I pondered it. What if God had just single-handedly moved her from a really bad situation to one where He would bless and grow her? Could I count on that? Could I believe that?
This morning, as I opened my eyes, my first thoughts were of Abby. Would she begin to get angry when she got to school and the reality set in that she would not be with her friends? Would she be frustrated that we stepped in and encouraged her to get out of her comfort zone? Would she feel blessed or would she feel that everything is ruined?
As I type this, I can’t say what today will hold. She’s there now, walking the halls, finding her new classrooms. I can only say that my trust and my hope are in the Lord.

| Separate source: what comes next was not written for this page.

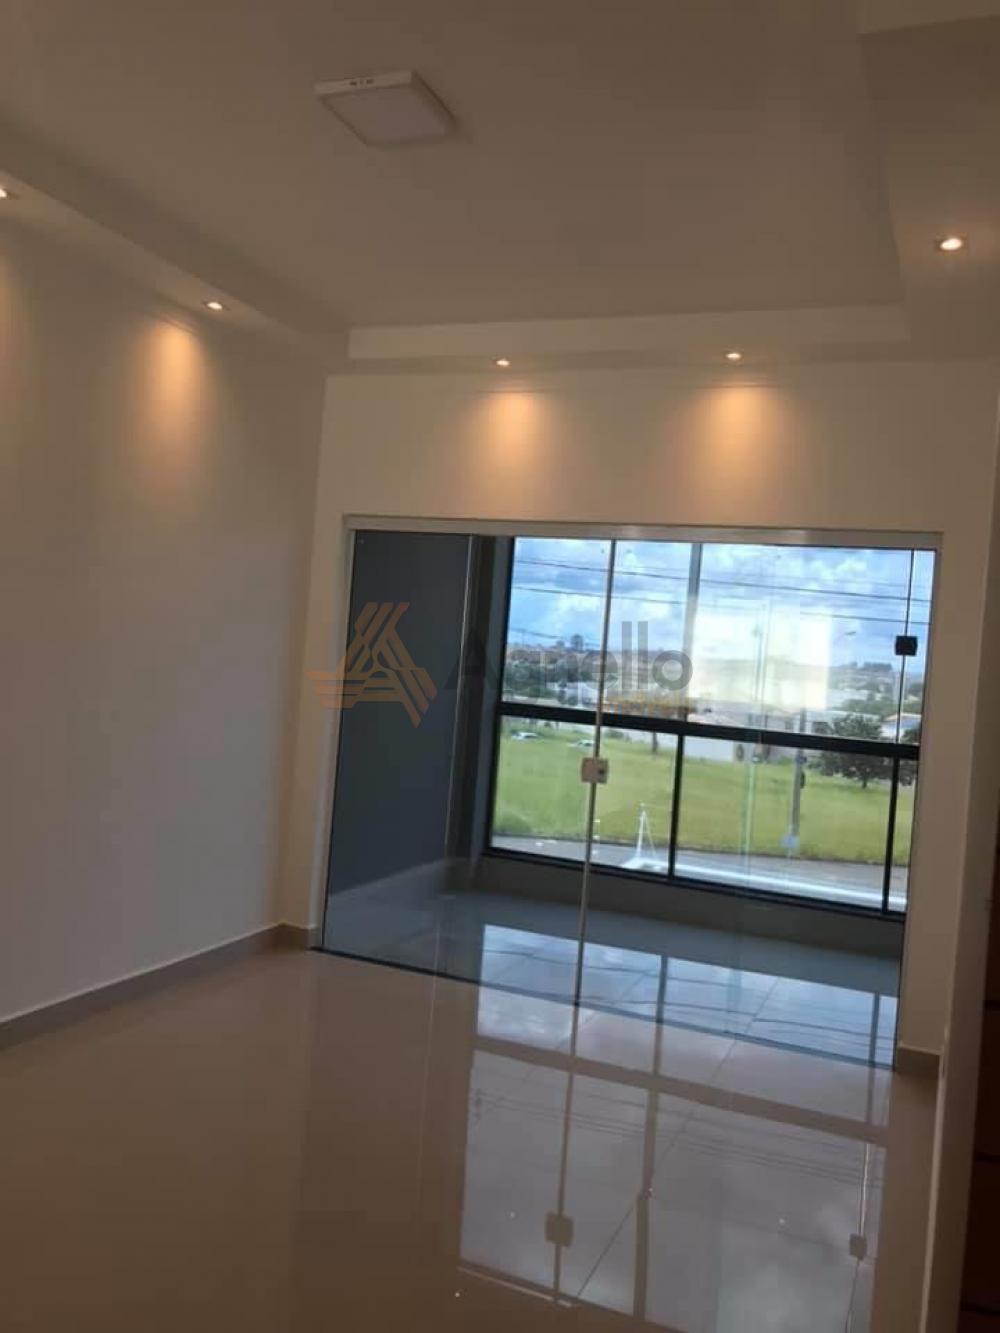 Comprar Apartamento / Padrão em Franca R$ 368.000,00 - Foto 2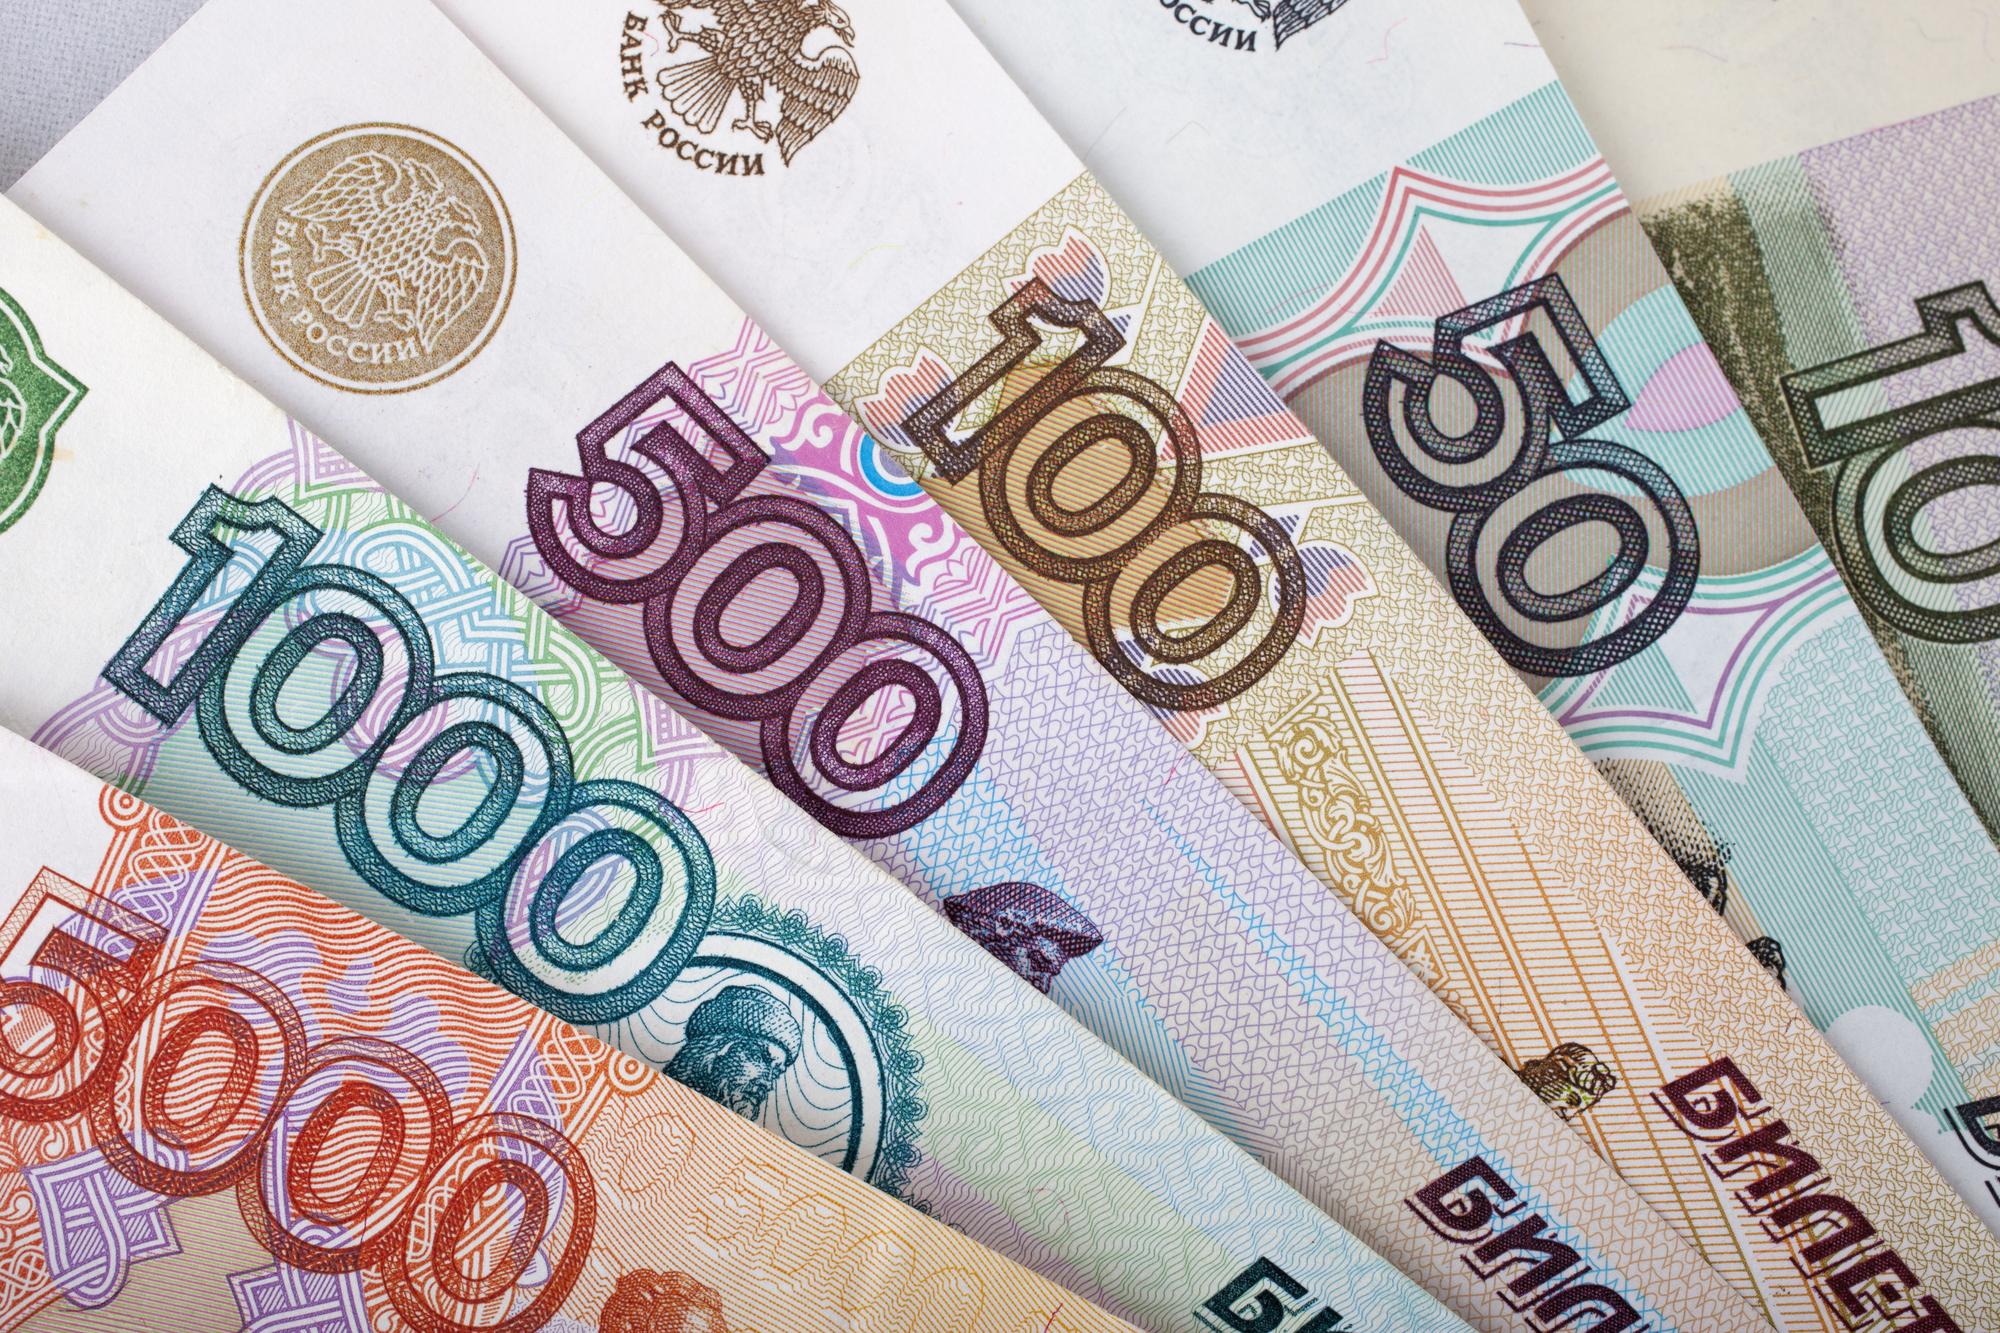 картинки всех денег россии присутствующих студии гостей

I came down to my quiet place this morning while everyone slept and the very first verse I read was this:
But the Lord is faithful. He will establish ( to start or set up something; to place something permanently; to confirm truth of something) you and guard you against the evil one. 2 Thessalonians 3:3
God was speaking yet again. Comforting, encouraging, urging me to trust Him.
And I do.


Ginny Thomas - You know me, and know a lot about my life, our lives, my daughters and I. I was a single mom and tried my best to be both, but I couldn’t. God and I got them raised, but all the glory goes to Him. I can trust God implicitly with my life and decisions, but always found it harder to hand over my girls. “The Lord would say to me, “Hand over my girls, Ginny! What are you saying? They are MY girls, just on loan to you.” WOW! He has had to remind me of that many times over the years.
You and Mark are great parents; and as long as you follow the Lord, you will STAY great parents. I love you all!
julia abbott - Thank you for sharing. This is encouraging to me. I am facing a situation with a loved one who needs a n eye opening from the Lord. She has an area of pride tgat is hindering Him from being able to set her free as only He can do. Your post edified me in trusting Him for the outcome in my loved one’s heart. God bless you and your precious daughter!